§ Your objective: Take the lines from the one containing "Two brass lamps" through the end of the material and write them out exactly, omitting pictures.

§ Material provided:
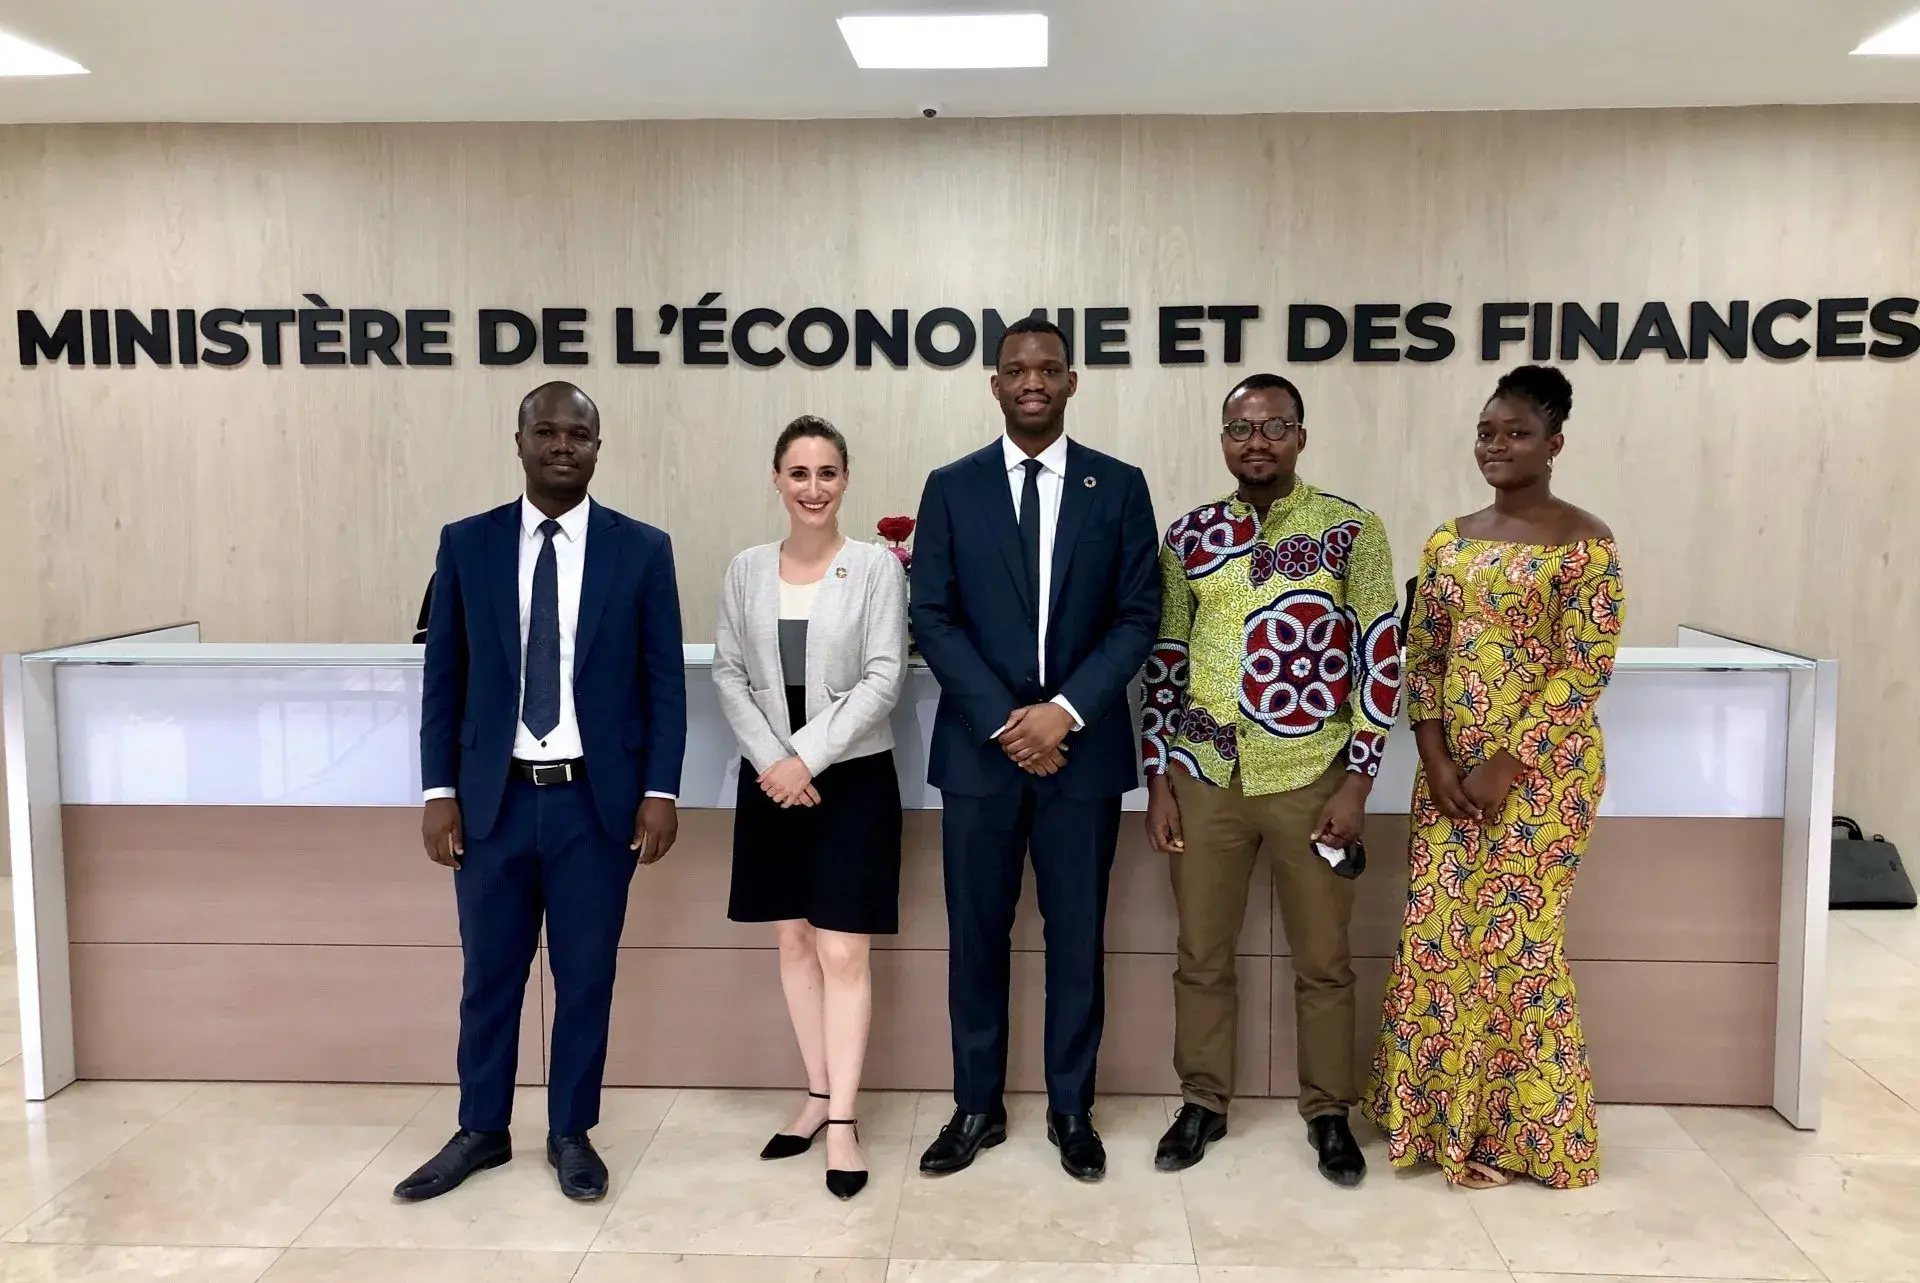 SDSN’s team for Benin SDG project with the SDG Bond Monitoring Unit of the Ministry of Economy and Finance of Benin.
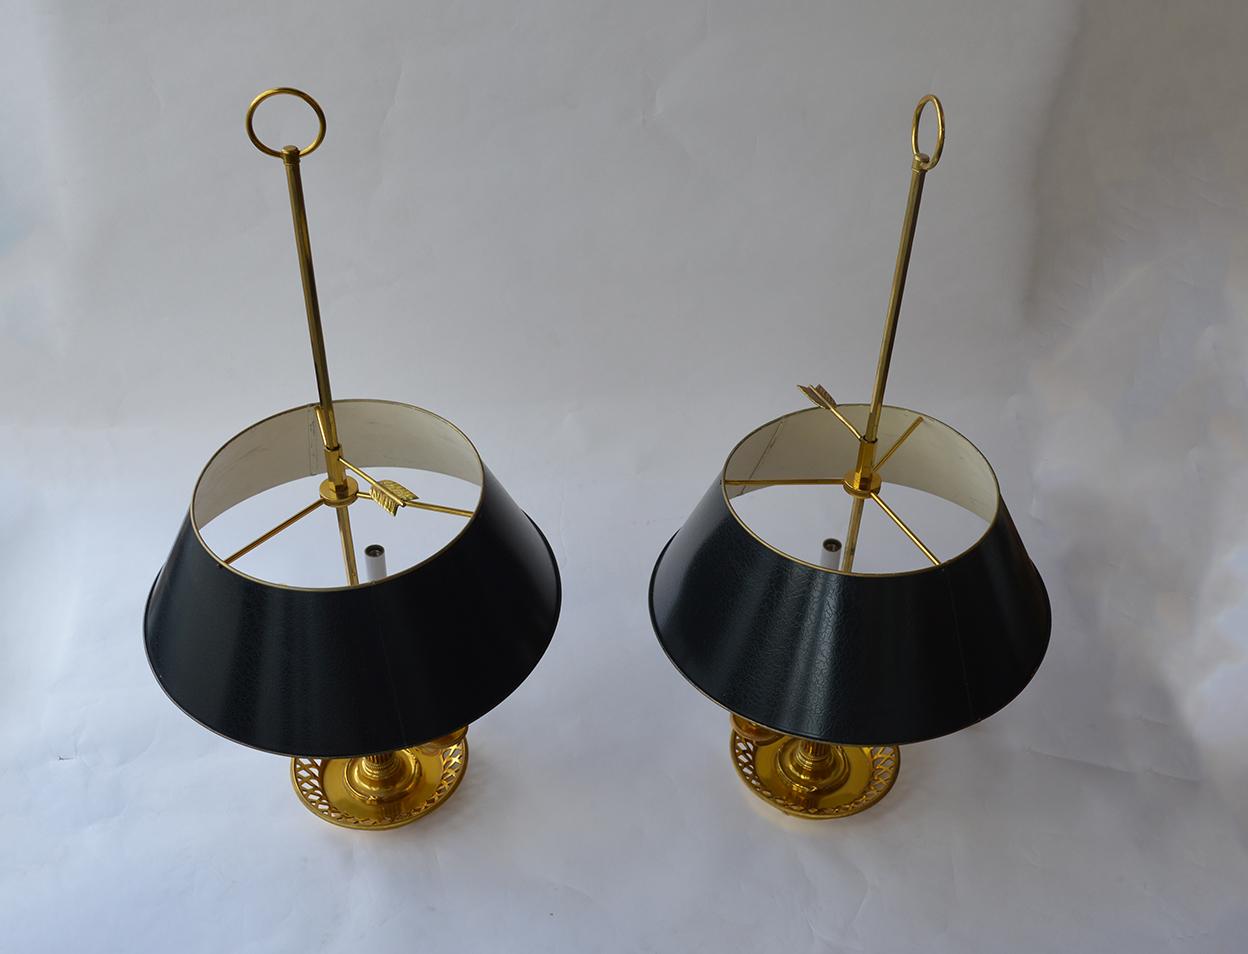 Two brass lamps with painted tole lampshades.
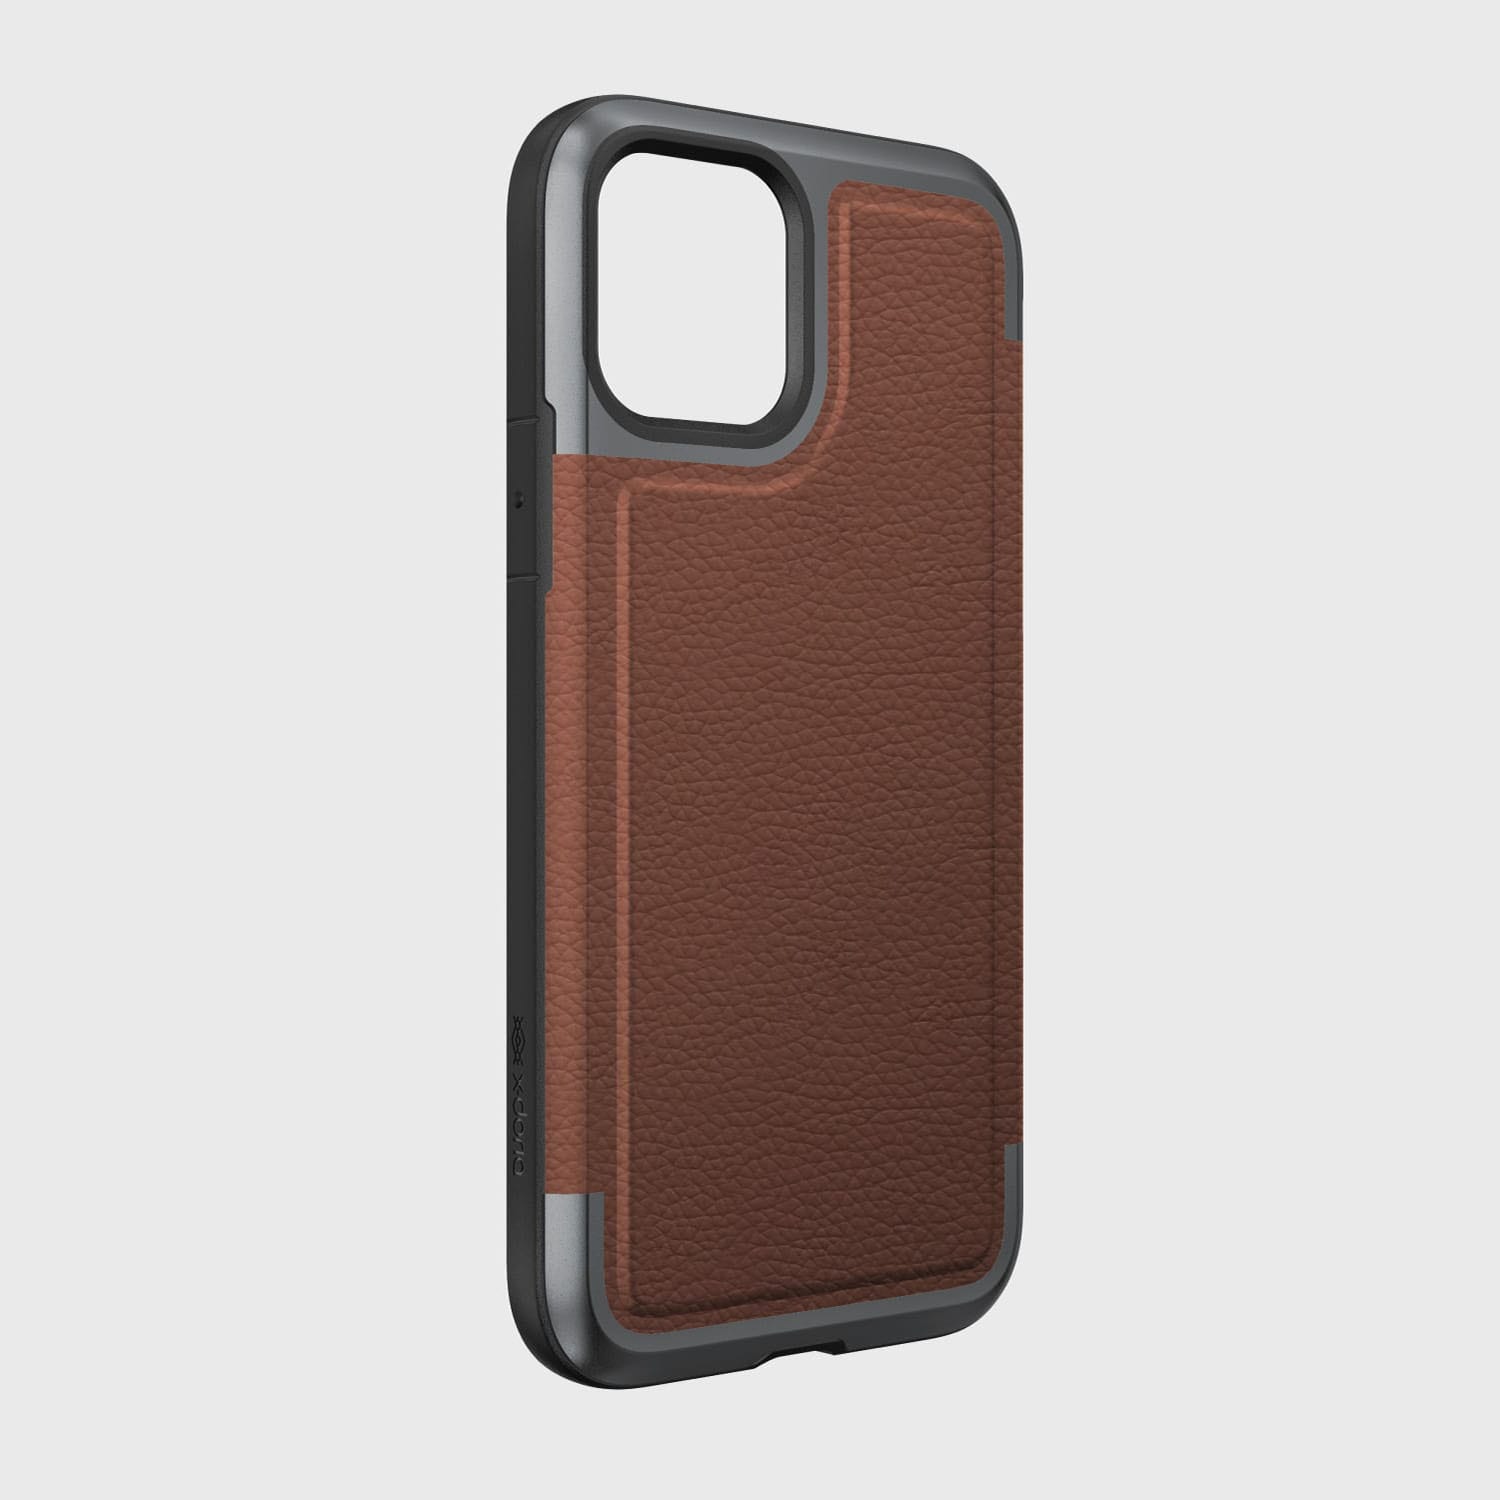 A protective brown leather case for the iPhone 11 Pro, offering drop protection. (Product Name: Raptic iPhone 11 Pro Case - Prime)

§ Answer box:
 Two brass lamps with painted tole lampshades.
 A protective brown leather case for the iPhone 11 Pro, offering drop protection. (Product Name: Raptic iPhone 11 Pro Case - Prime)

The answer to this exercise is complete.